Of course, we are not saying that Mary brought God into being. If this was the case, then together with the Protestants we have much cause for concern, because it would mean raising a mere creature to a level above her Creator. This is not what the Church teaches. Mary did not exist before God, but she existed before God took human nature in her womb. Although Mary is the Mother of God, she is not His mother in the sense that she is older than God nor the source of her Son’s divinity, for she is neither. Rather, we say that she is the Mother of God in the sense that she carried in her womb a divine person—Jesus Christ, God “in the flesh.”

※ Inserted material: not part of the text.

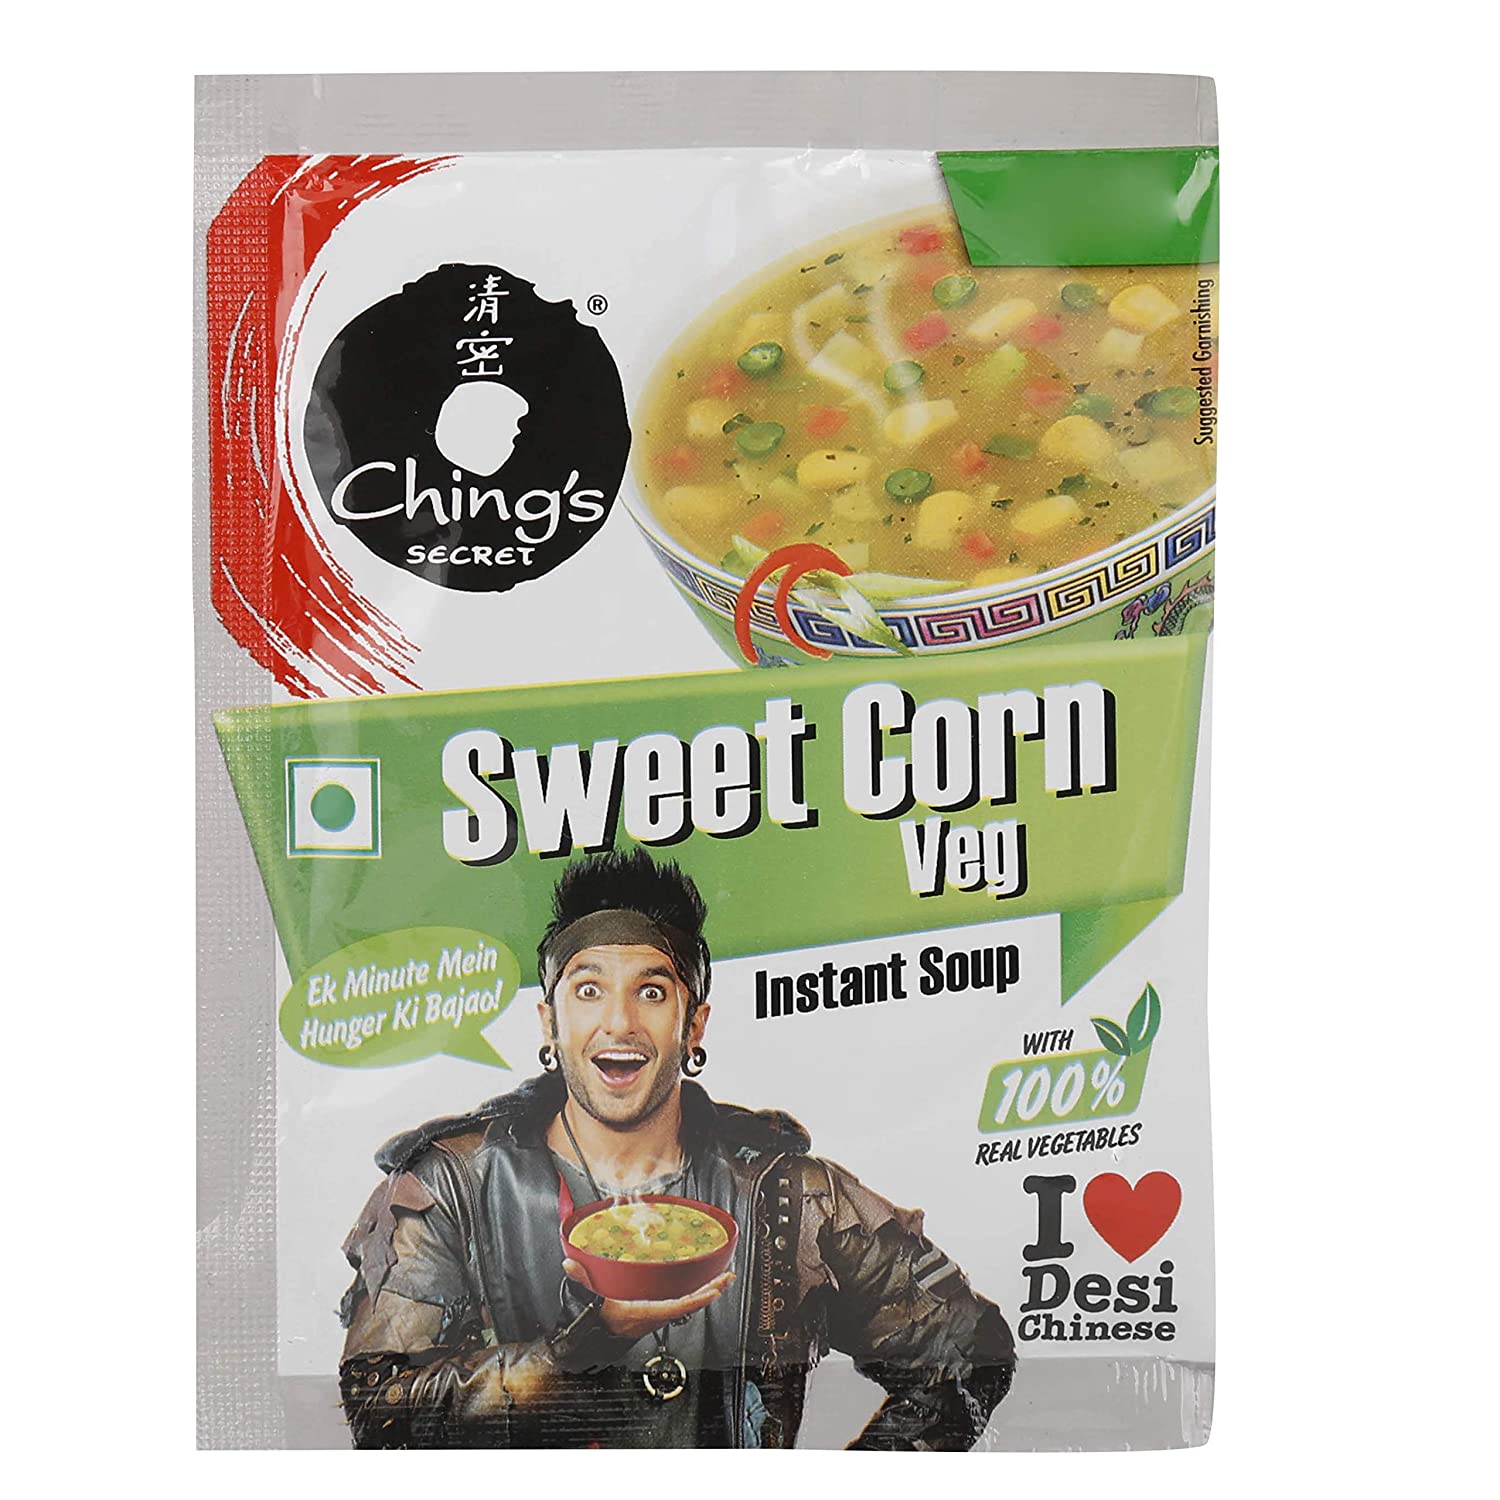 Ching's Instant Soup Sweet Corn Veg Image

The Son and the Mother thus form a unity. This explains why from the start they were called the new Adam and the new Eve, although we are very clearly aware that Jesus, as the Son of the Eternal Father, stands on an entirely different level from Mary, who is a simple human being. But even though Mary’s holiness and role in salvation's history depend entirely on the saving grace of God and Christ, we must insistently emphasise how intensely the Son wanted to be dependent on the Mother, how much of Himself He wanted to owe to His Mother. As much as the Incarnation is the gratuitous work of God which only God alone can perform, Mary’s role in the Incarnation can never be trivialised or neglected. Without a human mother, the Son of God could not fully be human whilst still retaining His full divine nature. A masterpiece owes its visible value to the canvas on which it was painted, even though the art and the material on which the same was painted are never on the same level. Together, Mary and Jesus both illustrate vividly how God has truly become one with man and man, one with God.